The manuscript is written in good English. Methods are well explained, the experimental part makes sense. The manuscript complements a previous study on APP induction in fatty tissue (ref. 5) and provides additional data on cytokines and kidney function. The discussion is commendably brief and to the point.
I have only a few minor issues. In some cases, the small animal number (N=3-4) is problematic, I prefer N=6 per group. The experiment with phenserine is very descriptive as the drug has several other actions including, of course, inhibiting esterases. While complex IV is documented in Fig. 5, why is complex I activity not shown ?
Author Response
In some cases, the small animal number (N=3-4) is problematic, I prefer N=6 per group. The experiment with phenserine is very descriptive as the drug has several other actions including, of course, inhibiting esterases. While complex IV is documented in Fig. 5, why is complex I activity not shown ?
Response: We would like to thank reviewer 3 for their comments and suggestions.
With regards to the number of animals used:
Unfortunately, although n=6 per group would have improved the study robustness, this would not have been approved by the University of KwaZulu-Natal Animal Ethics Committee which stringently adheres to the three Rs for animal research design - Replacement, Reduction and Refinement. With the use of power calculation based on similar studies in the literature, n=4 per group was determined to hold enough statistical power for this study. This is outlined in the methods in section 2.1, line: 79-81.
With regards to phenserine other actions:
While it is well-known that phenserine’s main action is to inhibit acetylcholinesterase, there is little to no acetylcholinesterase found in the HEK293 cell line.
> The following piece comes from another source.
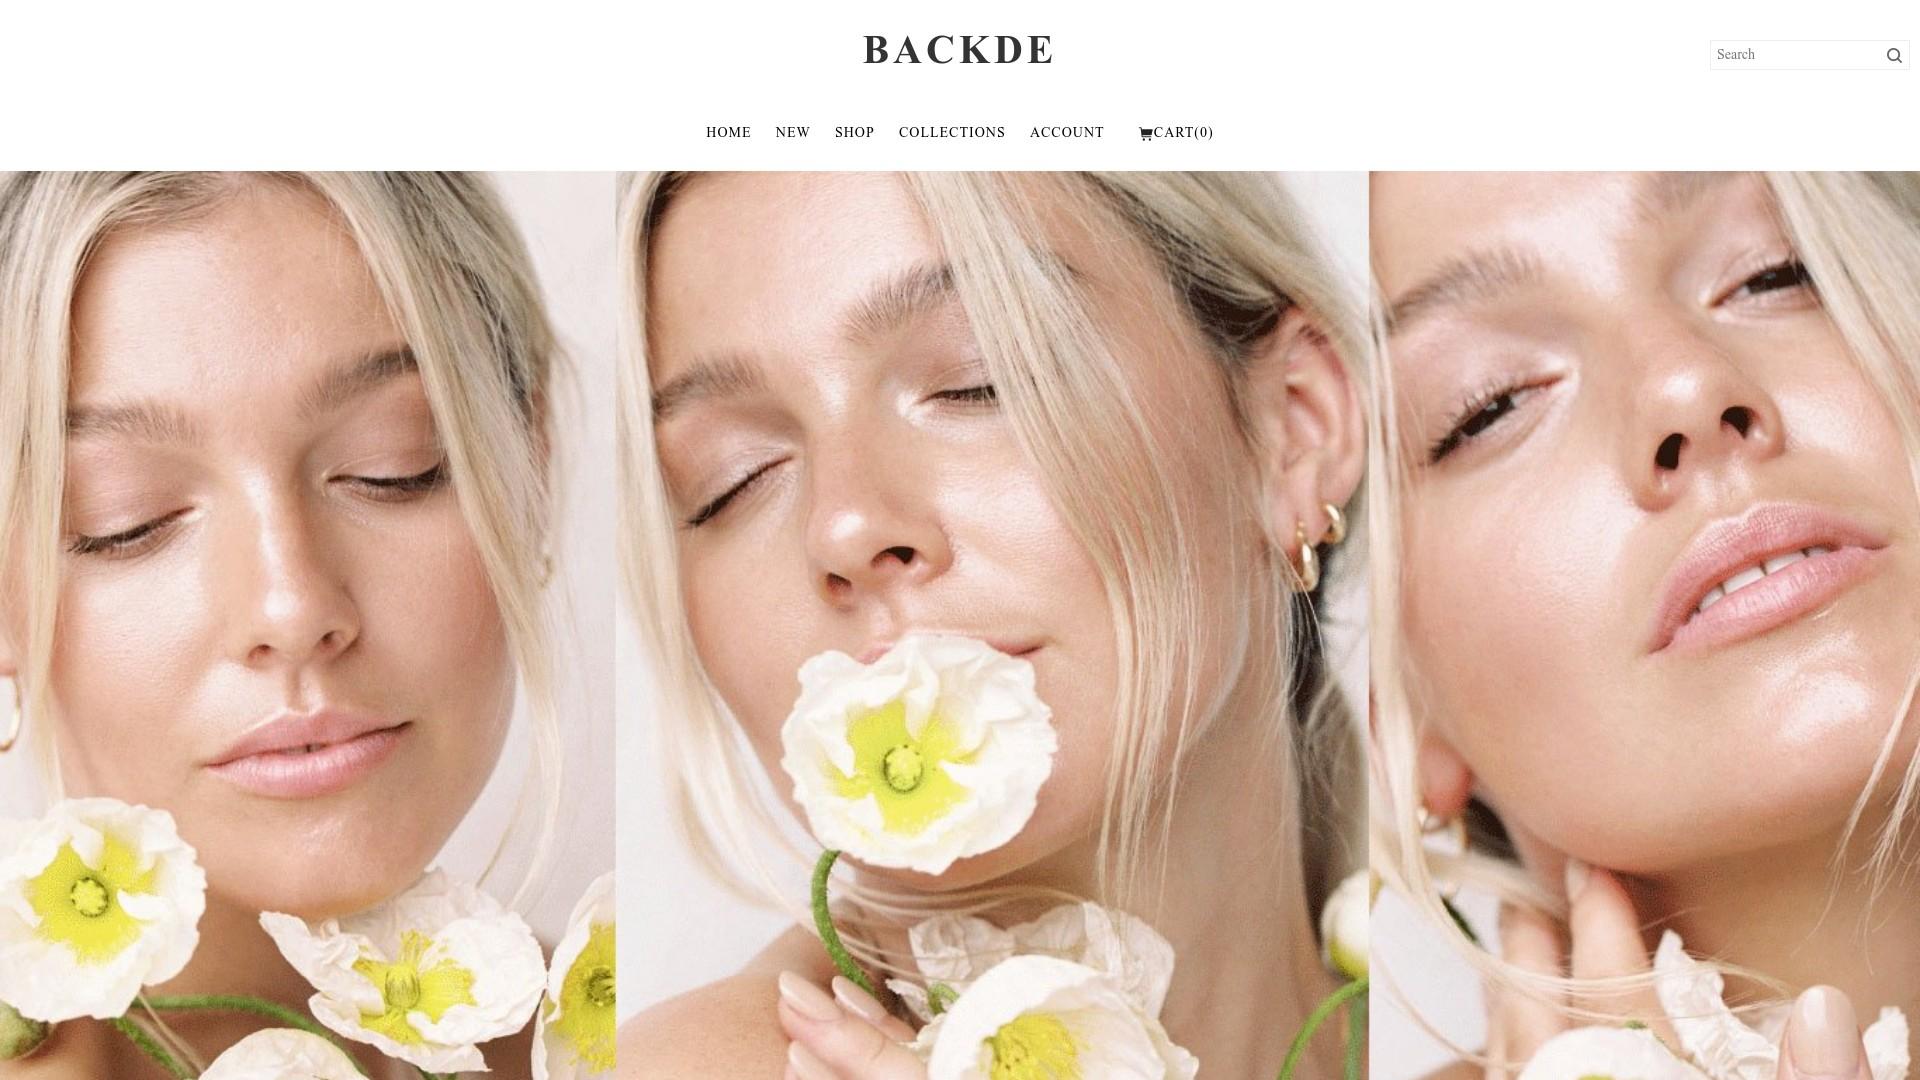 Backde Com Reviews  is the Online Store a Scam?

Additionally, phenserine can also reduce α‑synuclein and huntingtin protein in a similar mechanism to APP. However, the levels of these two proteins are low to undetectable in the HEK293 cell line (21.2 and 14.4 nTPM) especially when compared to that of APP (236.7 nTPM) (https://www.proteinatlas.org/). While an accumulated effect of reduction of all three proteins to restore mitochondrial function is conceivable, since the cell line has such low level of α‑synuclein and huntingtin protein already, removal was expected too negligible.
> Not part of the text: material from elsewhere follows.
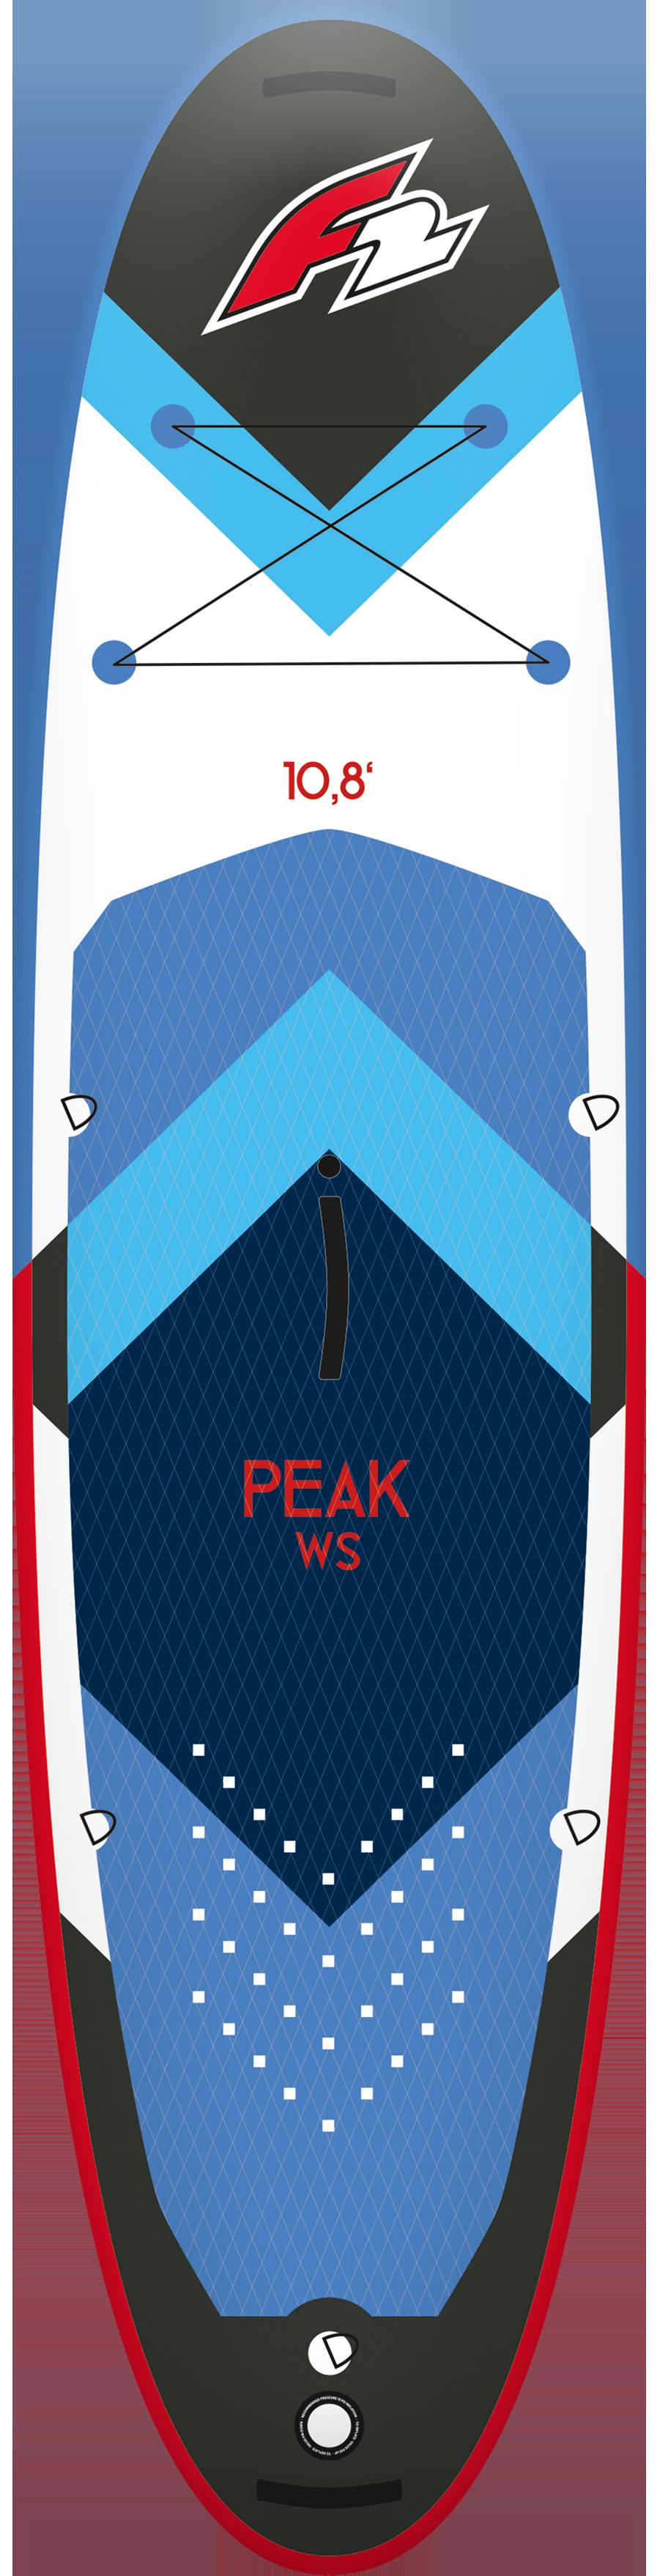 PEAK WINDSURF - Top

The following was added to the manuscript to clarify the use of phenserine:
Section 3.4, line 404-406: “The HEK293 cell line – known to have high-levels of endogenous APP – in comparison, express little to none of the other described phenserine targets: acetylcholinesterase, α-synuclein and huntingtin [35-39].”
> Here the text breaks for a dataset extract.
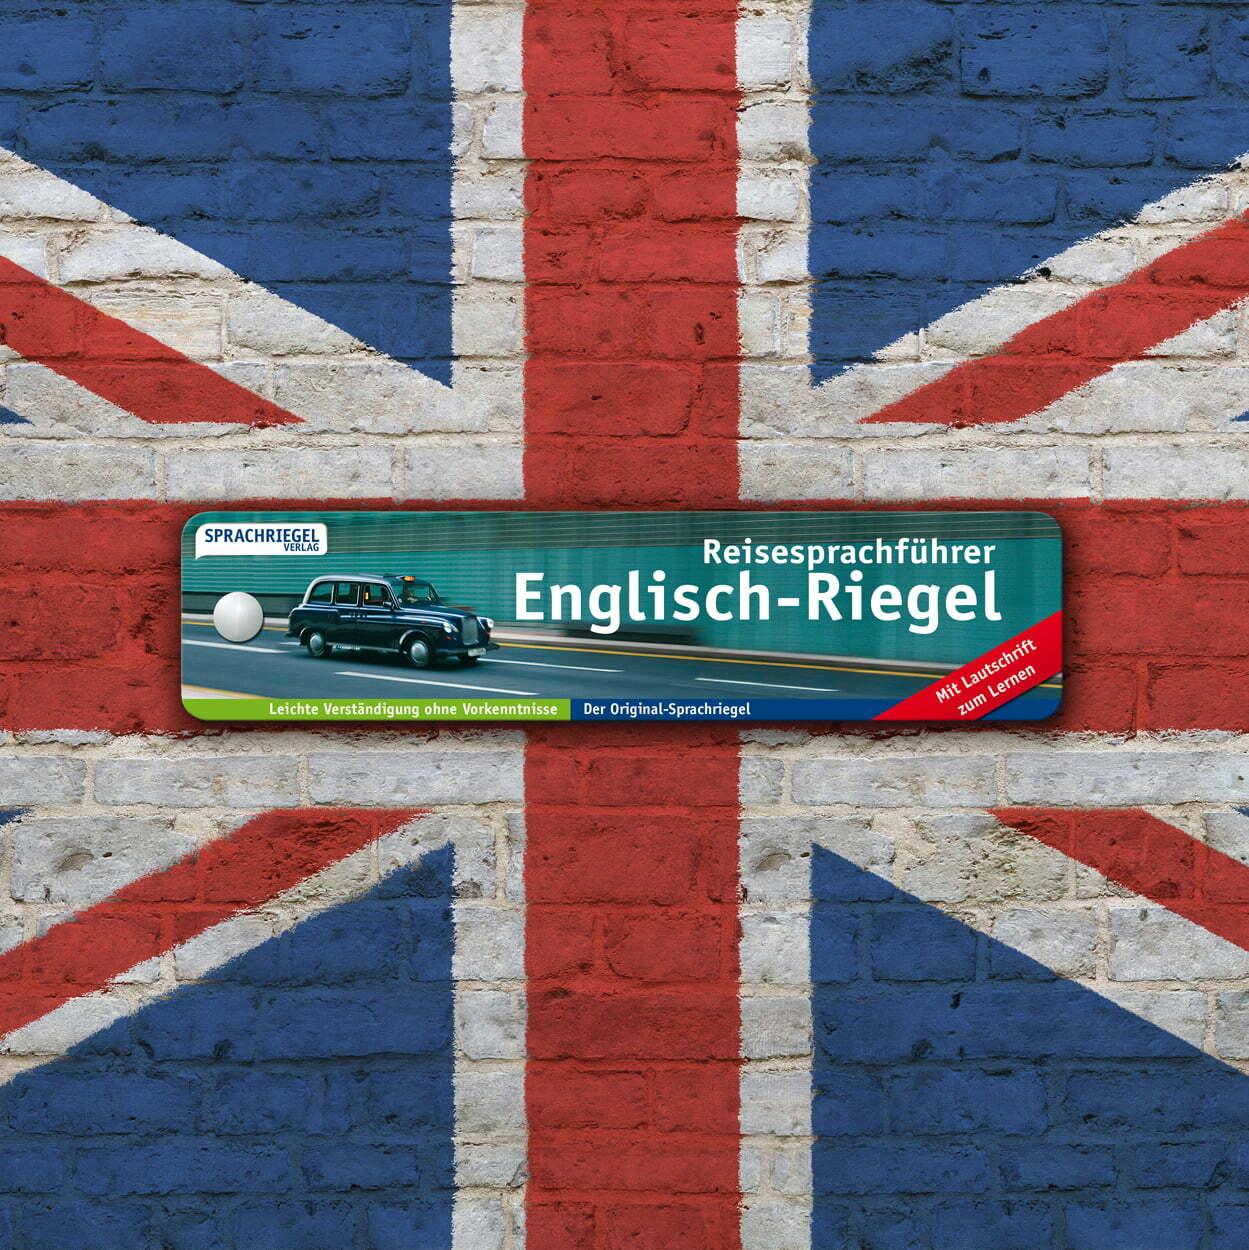 Englisch-Riegel

With regards to no complex I activity in fig5:
Complex I activity was not provided for the in vitro assays. Several attempts to obtain specific complex I activity were made from isolated mitochondria from cell culture however little rotenone-sensitive activity could be detected with the majority of the activity being rotenone-resistant and therefore would not constitute only complex I activity but other dehydrogenase activity found within the mitochondria. Therefore, as an additional orthogonal assay for mitochondrial function, the TMRE assay was used which gave better more consistent results in mammalian cell culture. This problem was not found for complex I activity from mitochondria isolated from tissue.